» Material for this task
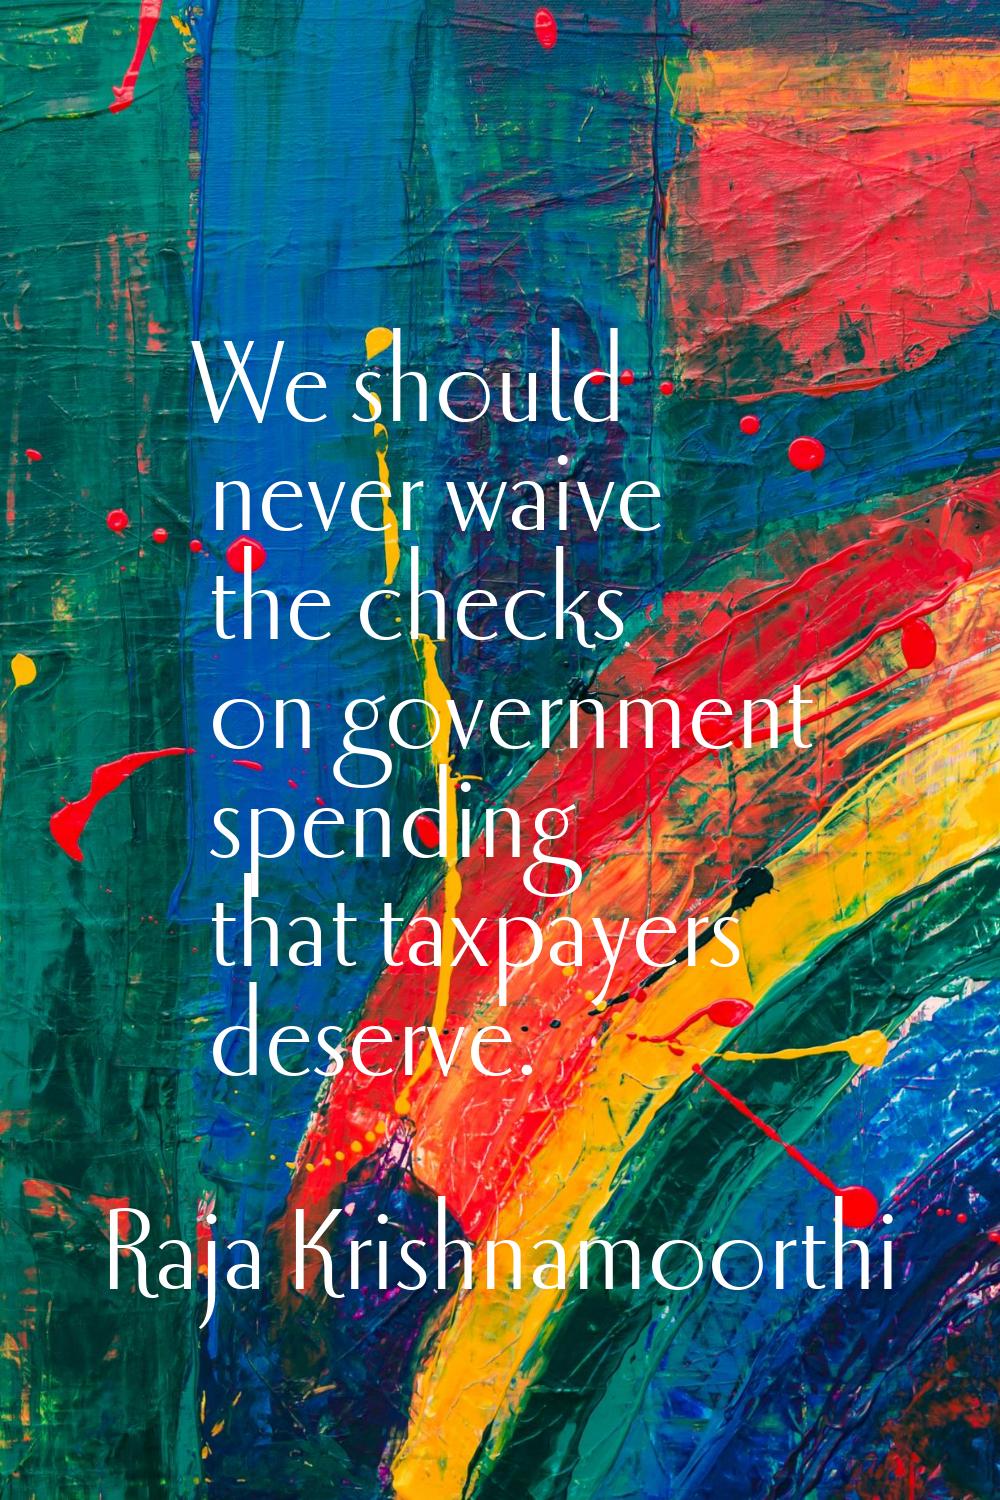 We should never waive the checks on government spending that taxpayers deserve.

...

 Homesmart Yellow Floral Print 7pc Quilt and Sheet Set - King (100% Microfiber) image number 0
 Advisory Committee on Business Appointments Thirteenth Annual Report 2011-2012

--

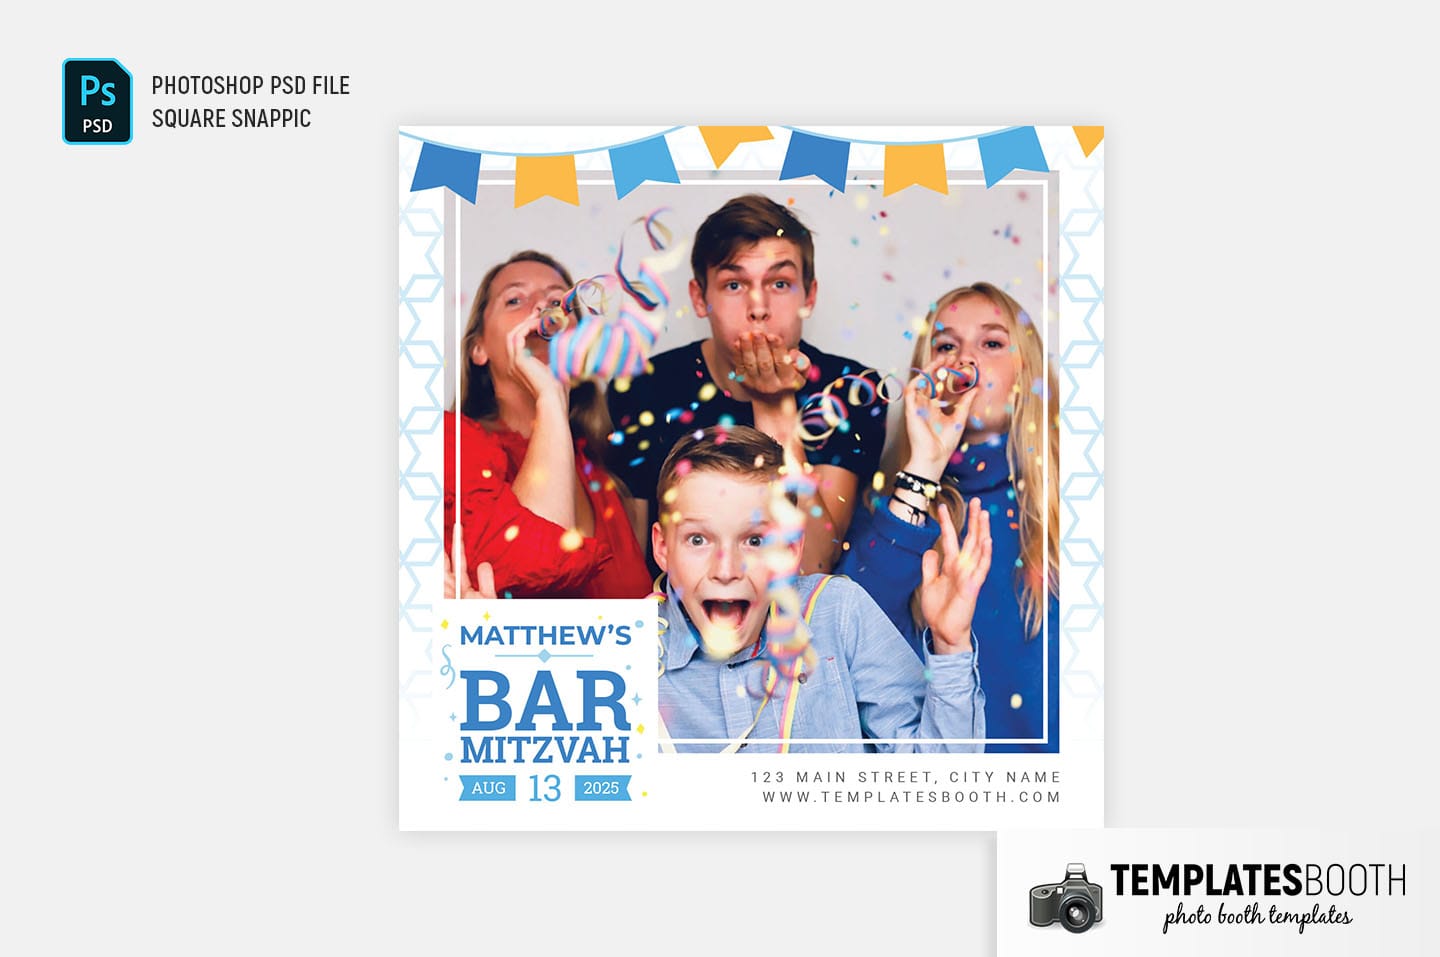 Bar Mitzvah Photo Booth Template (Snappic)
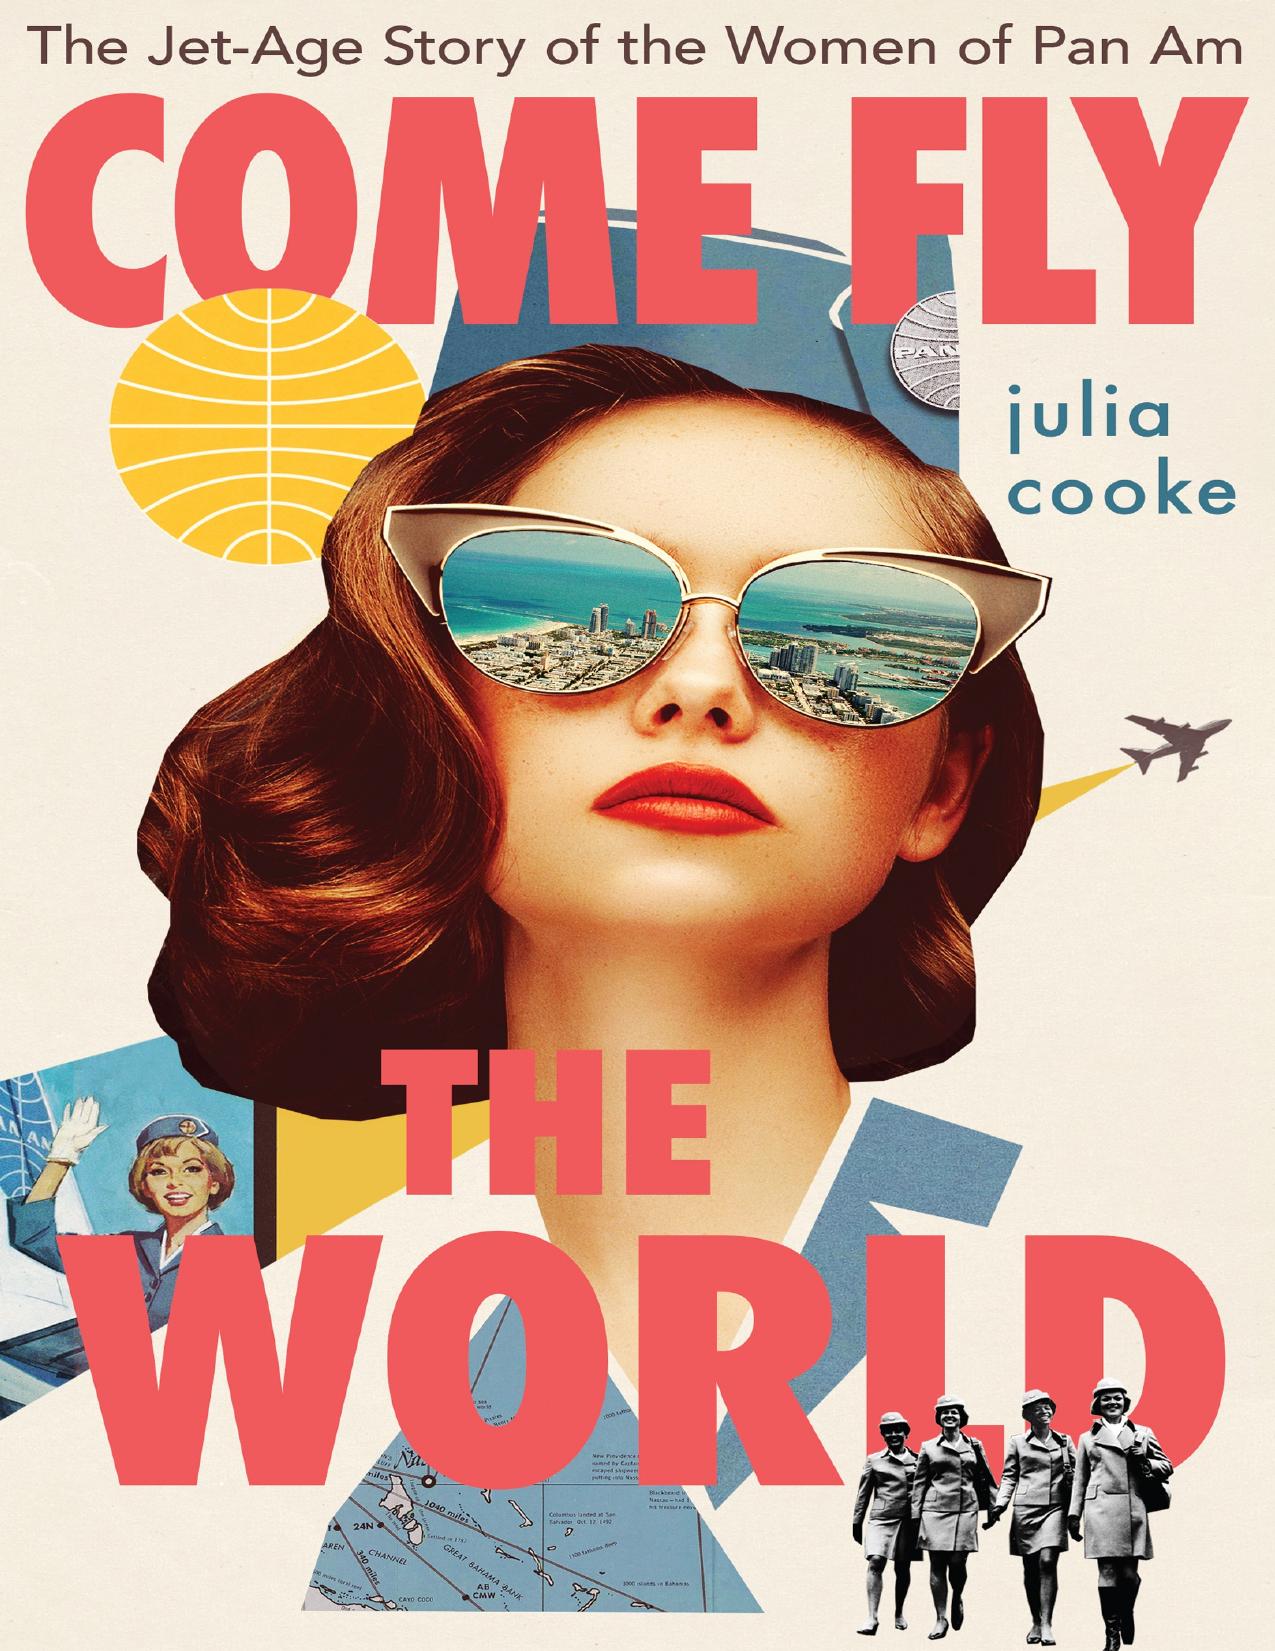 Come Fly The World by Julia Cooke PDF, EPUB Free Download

» Assigned task
Word for word, restate the lines above from the line containing "Homesmart Yellow Floral" through the line containing "Advisory Committee on", with both included and nothing else.

» Solution for this problem
 Homesmart Yellow Floral Print 7pc Quilt and Sheet Set - King (100% Microfiber) image number 0
 Advisory Committee on Business Appointments Thirteenth Annual Report 2011-2012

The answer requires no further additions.